Input data.
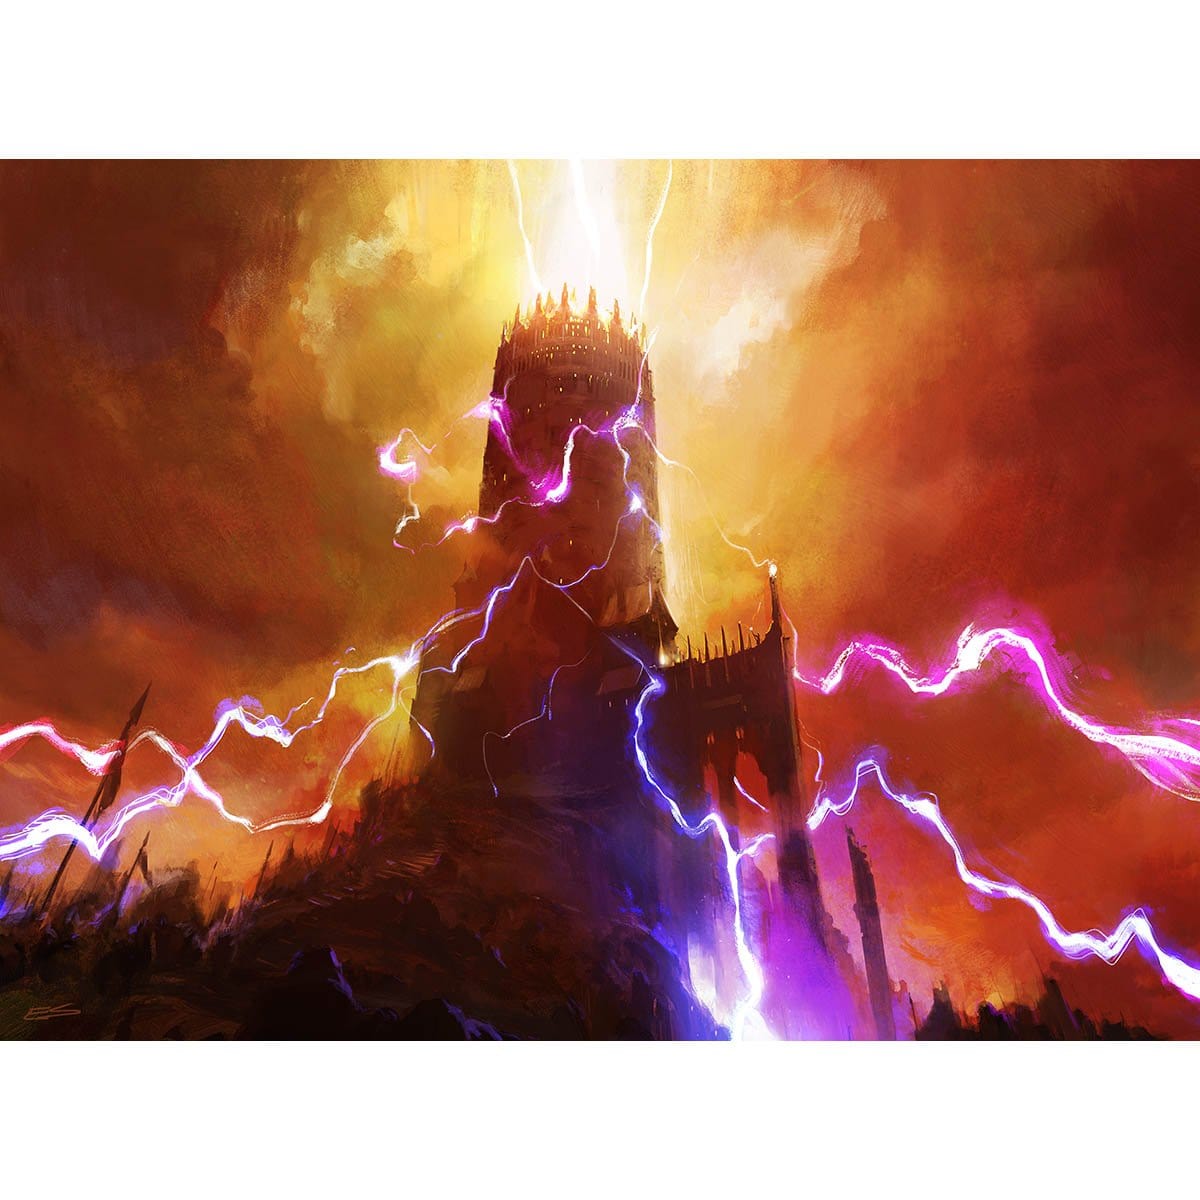 Command Tower Print - Print - Original Magic Art - Accessories for Magic the Gathering and other card games
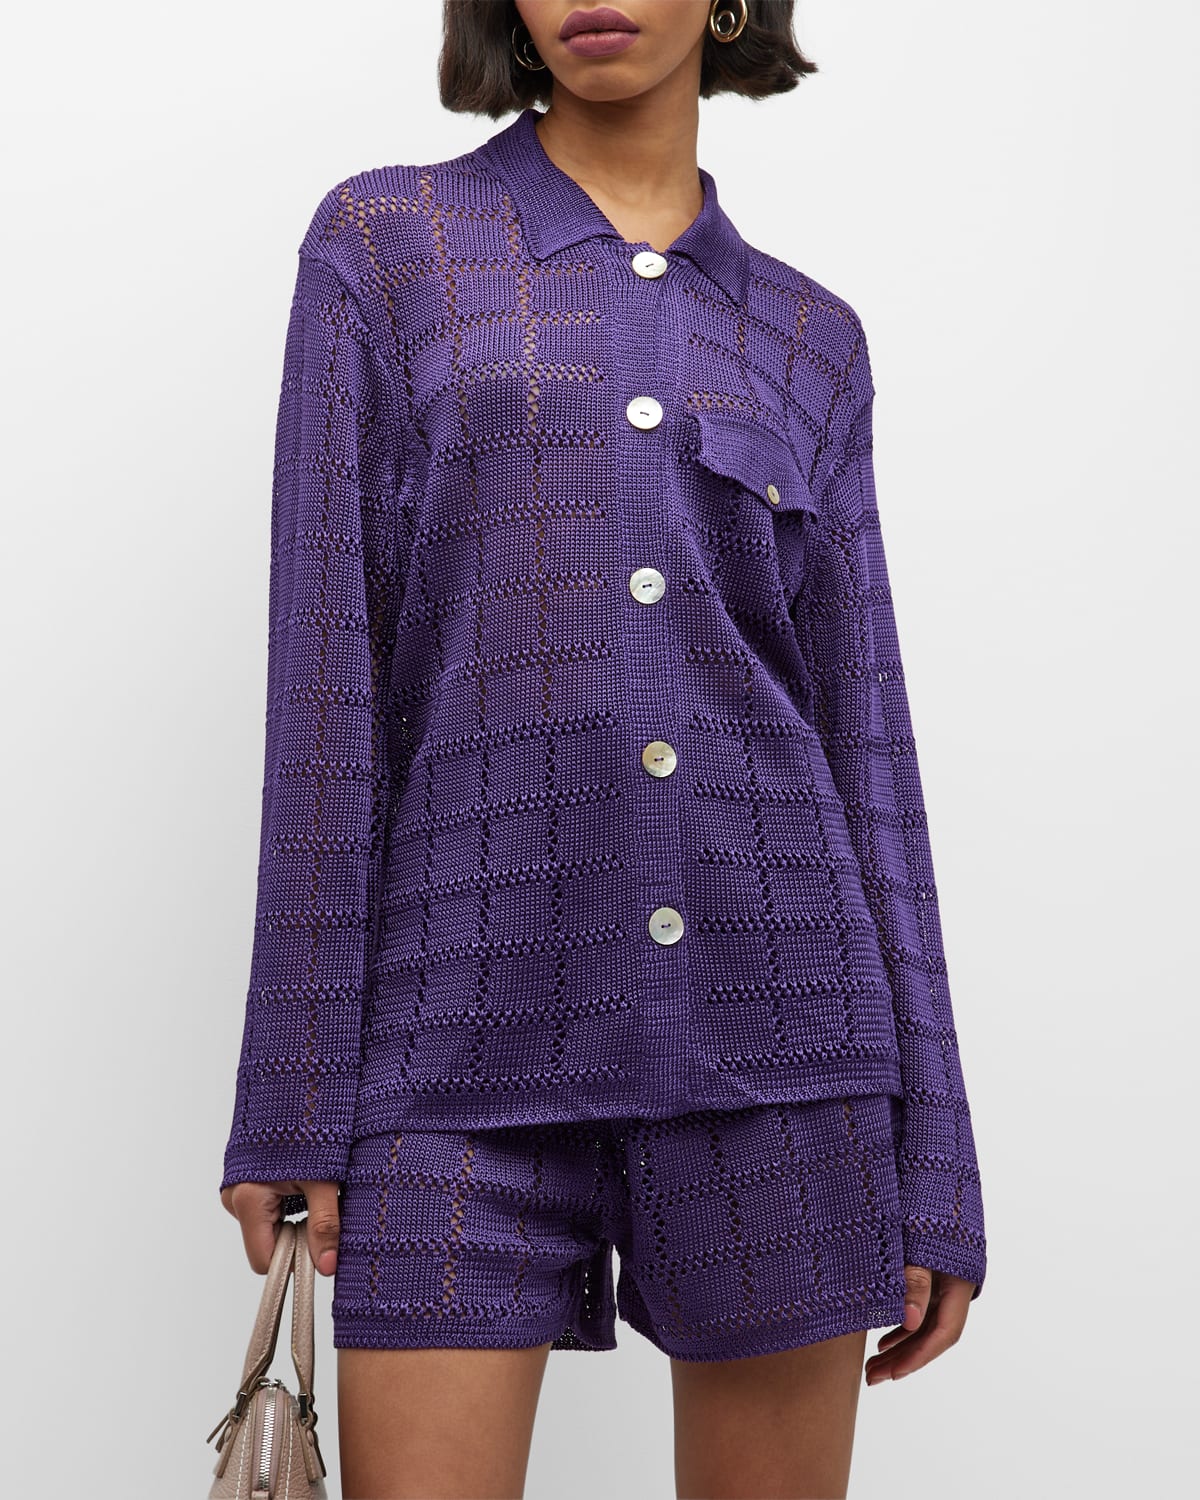 Calle Del Mar Long-Sleeve Patchwork Knit Shirt
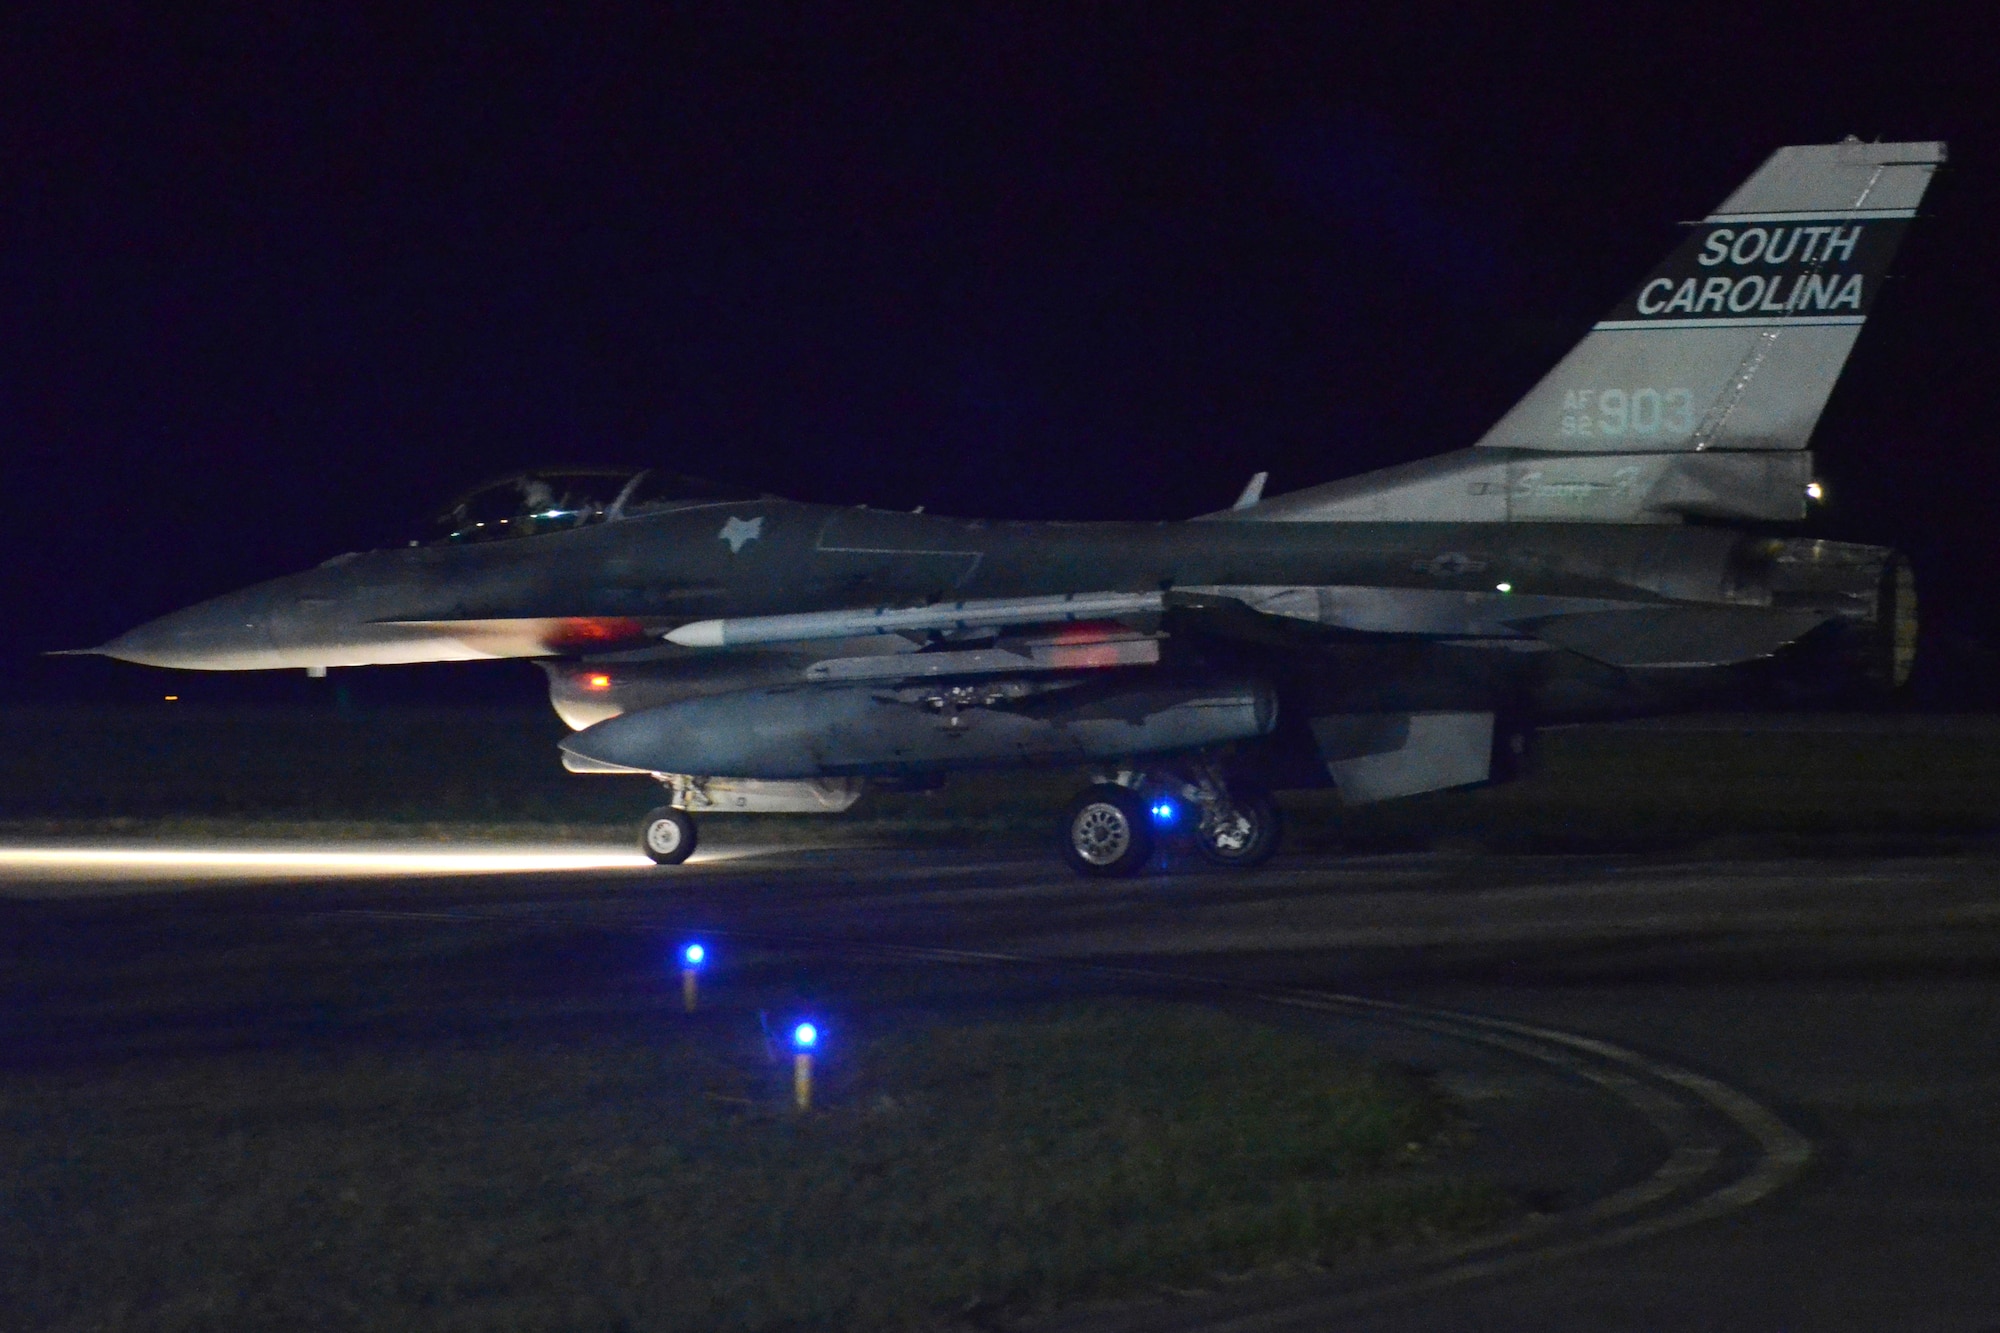 U.S. Air Force F-16 Fighting Falcon jets, assigned to the South Carolina Air National Guard’s 169th Fighter Wing, prepare to depart McEntire Joint National Guard Base, South Carolina, to support an Air Expeditionary Force deployment to Prince Sultan Air Base Saudi Arabia, April 12, 2021. The 169th Fighter Wing will support U.S. Central Command (CENTCOM) by preserving operational depth, staging joint forces and projecting overwhelming combat power in the region. This is the wing’s largest deployment since the summer of 2018 when they supported an Air Expeditionary Force rotation to Kuwait. (U.S. Air National Guard photo by Lt. Col. Jim St.Clair, 169th Fighter Wing Public Affairs)

What needs to be done. The response is to contain exactly the lines from the beginning of the data through the line containing "Calle Del Mar", both ends included, and nothing else; omit the pictures.

The answer.
 Command Tower Print - Print - Original Magic Art - Accessories for Magic the Gathering and other card games
 Calle Del Mar Long-Sleeve Patchwork Knit Shirt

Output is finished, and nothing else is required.